Association of protein-truncating variants (PTVs) and rare missense variants in PALB2 (A), BRCA1 (B) and BRCA2 (C) with breast cancer risk. Missense variants were evaluated as a group for those located in functional domains and for those predicted to be likely pathogenic by in silico algorithms. WD40 (WD40 repeat domain), RING-BRCT (RING finger domain and BRCA1 C terminus), DBD (DNA binding domain), Align-GVGD (AGVGD), variants with score >C15, REVEL (score >0.5), VEST4 (p<0.05), ClinPred (score >0.5), CADD (score >20). PALB2, partner and localiser of BRCA2.

Table 1

List of PALB2 variants identified

We identified 422 carriers of PALB2 rare missense variants in cases and 454 carriers in healthy women (OR=0.96, p=0.602) (figure 1). No associations were observed when analysis was restricted to variants with higher scores using any of the five in silico tools tested (figure 1). There was also no evidence of an association with risk for variants specifically in the WD40 domain. These results contrast with those for BRCA1, where there is an overall association with breast cancer risk for rare missense variants (OR=1.29, p=0.001), an effect that is driven by rare missense variants in the RING and BRCT domains (OR=3.18, p<0.001). In addition, for BRCA1 the risk was higher for variants with Align-GVGD C15–C65 scores (OR=5.59, p<0.001; figure 1). In PALB2, the frequency of Align-GVGD C15–C65 was slightly, but not significantly higher in cases than controls (35 carriers in cases and 29 carriers in controls). The 18 unique missense variants in this category were all located in functional domains or motifs. Five variants were recurrent and present in at least four individuals: p.G401R, p.P405A, p.S896F, p.T993M and p.T1012I represented 70% of all PALB2 rare missense variant carriers (with AGVGD scores of C15 and above) in this cohort. Notably, 39% (7/18) of the variants were novel and have not been reported previously in public databases (table 1B).
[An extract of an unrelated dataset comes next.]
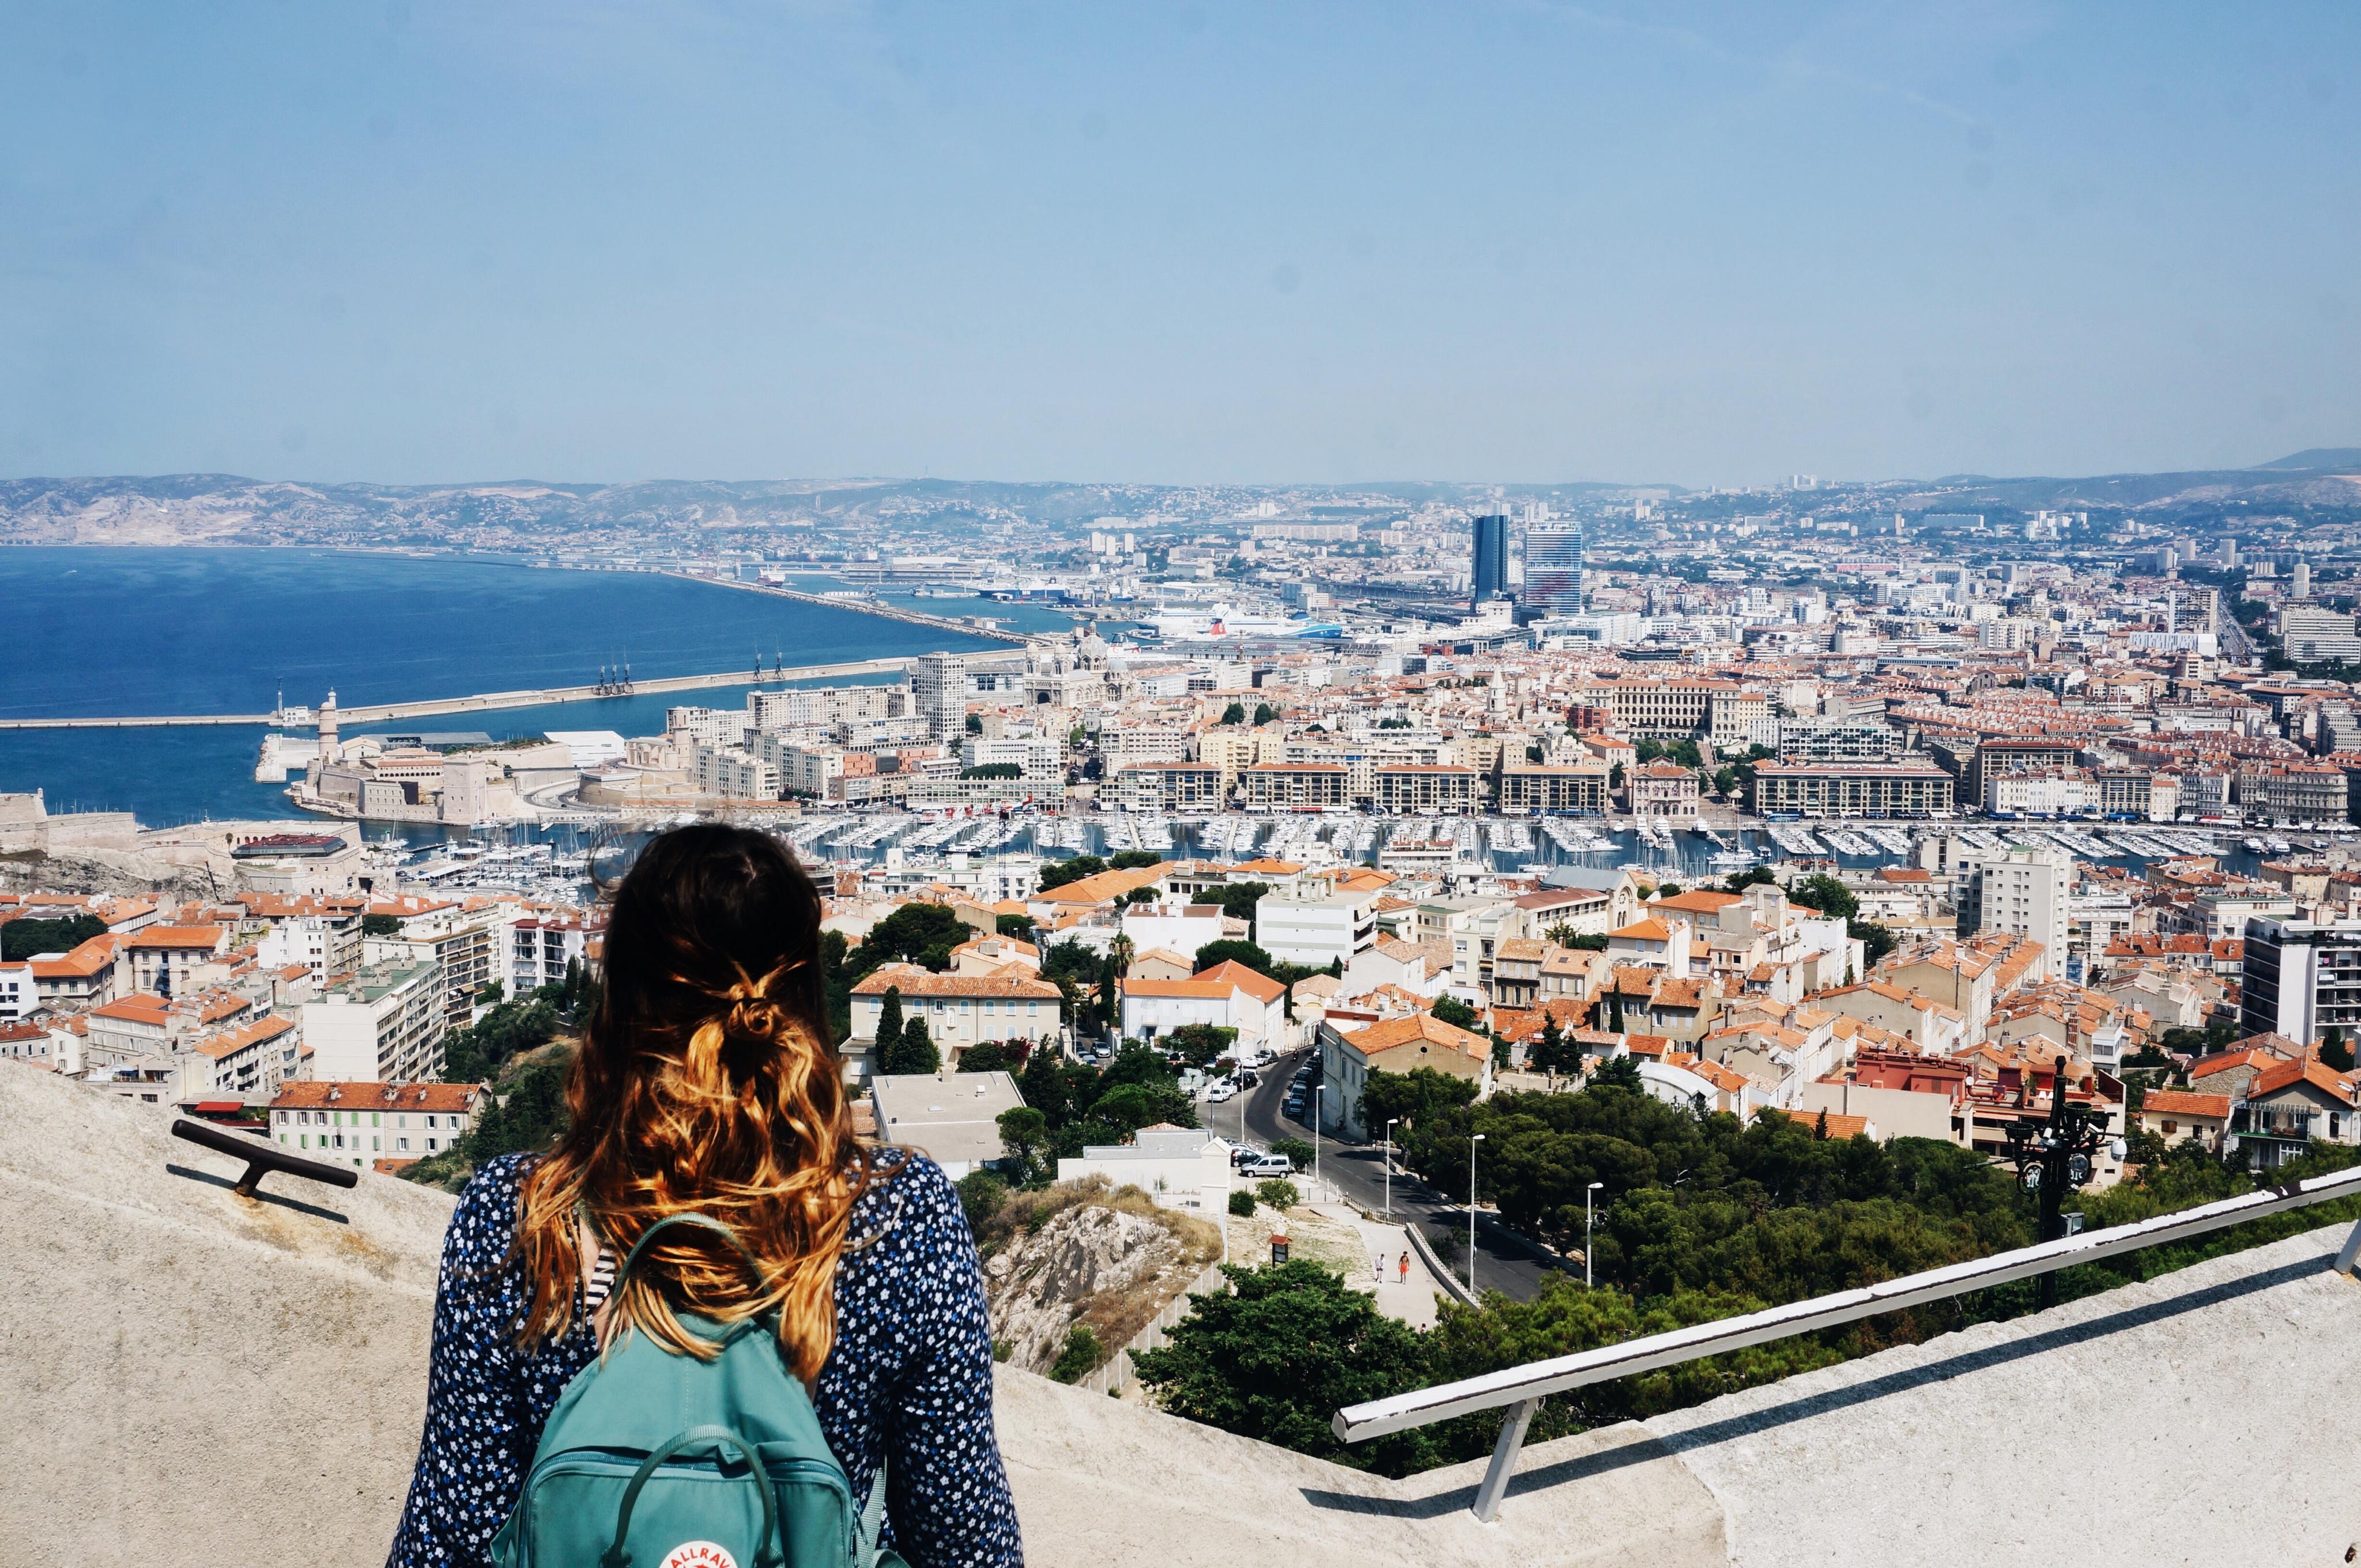 Marseille, Reiseguide, Sehenswürdigkeiten Marseille, Frankreich highlights, schöne Städte in europa

Characteristics of germline carriers of PALB2, BRCA1 and BRCA2 PTVs and missense variants

In our study, 57 (0.73%), 99 (1.26%) and 161 (2.05%) patients with breast cancer had germline PTVs in PALB2, BRCA1 and BRCA2, respectively (table 2); none had pathogenic variants in more than one gene. The distribution of age at diagnosis in PALB2 was similar to that in non-carriers (mean age at diagnosis 51.3 years vs 52.5 years). This contrasts with BRCA1 and BRCA2, where the carrier cases occurred at a young age (mean 44.1 years and 47.3 years, respectively). A family history of breast cancer was more common in PALB2 carriers than in non-carriers, but not significantly so. There was no association with personal or family history of pancreatic cancer, or family history of male breast cancer, where information was available (data not shown).

Table 2

Clinical and demographic characteristics of carriers with protein-truncating variants

Notably, there was no significant difference in the crude prevalence of PALB2 carriers among Chinese, Malay and Indian patients (0.7%, 1.0% and 0.6%, respectively), but there was a higher prevalence of BRCA1 and BRCA2 variants in Malay and Indian patients compared with Chinese patients (2.2% and 2.0% compared with 1.0% for BRCA1, and 3.1% and 2.9% compared with 1.8% for BRCA2). There was no significant association with ER or HER2 status, but an association with PR-negative disease was of borderline significance (table 2, figure 2). We observed a higher prevalence of PALB2 carriers in the Malaysian cohort, but this was not statistically significant after adjustment for stage and grade in the multivariable analysis. Similarly, there was a higher prevalence of BRCA1 and BRCA2 carriers in the Malaysian cohort, but this was not statistically significant after adjustment for age and ethnicity in the multivariable analysis.

Figure 2

Distribution of breast cancer subtypes by immunohistochemistry (IHC): the stacked bar chart compares the distribution of tumour subtypes with germline alterations (protein-truncating variant (PTV) or missense (MS) variants with AGVGD scores of C15 and above) in PALB2 with BRCA1, BRCA2 and tumours with no alterations that arise from non-carriers. The horizontal dotted line indicates the proportion of ER negative breast cancer among the non-carriers. PALB2, partner and localiser of BRCA2.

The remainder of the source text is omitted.